Als het gaat over het lot van kunstwerken in de Tweede Wereldoorlog, denkt men bijna spontaan aan de vele werken die toen door de nazi’s werden geroofd. Tijdens de oorlog zelf lagen museumdirecteuren vooral wakker over de vraag hoe ze hun collecties konden beschermen tegen het oorlogsgeweld. Elke bom, elke verloren artilleriegranaat, kon en kan in korte tijd onherstelbare schade aan het kunstpatrimonium toebrengen.

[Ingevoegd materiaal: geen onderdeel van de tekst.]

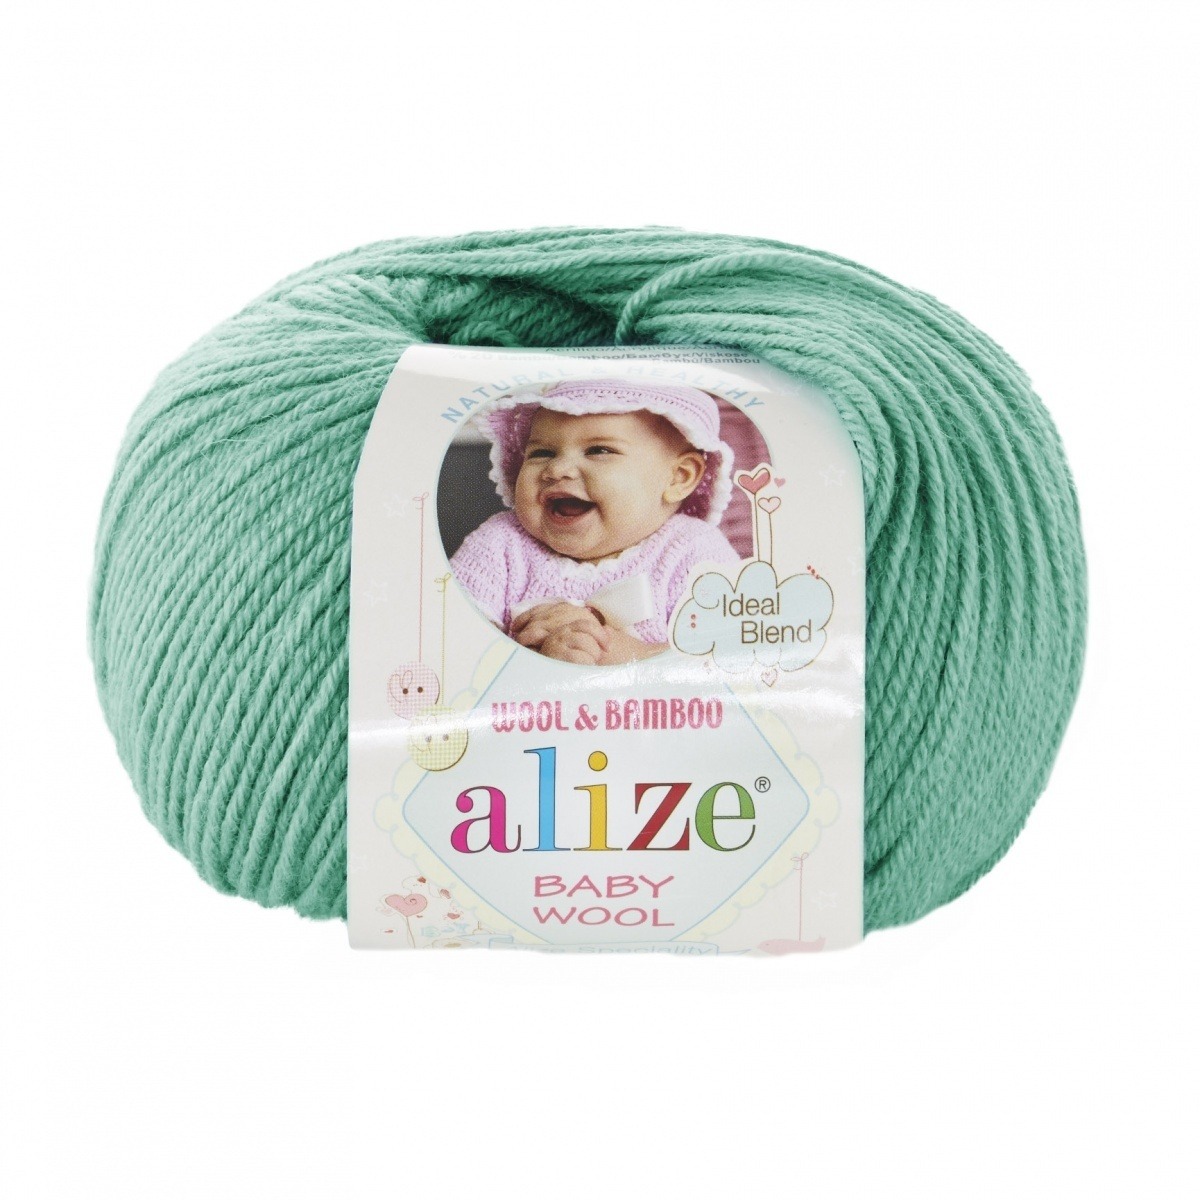 Alize "Baby wool" (612)

Daarom worden in oorlogstijd speciale maatregelen genomen.
Bert Govaerts, auteur van een aantal biografieën en eerder al bekend van historische documentaires op de VRT (onder meer over Patrice Lumumba), geeft in zijn laatste boek Erfgoed op de vlucht het vergeten verhaal over de maatregelen die tijdens de oorlog werden genomen voor de collecties van twee belangrijke Vlaamse kunststeden, Antwerpen en Brugge.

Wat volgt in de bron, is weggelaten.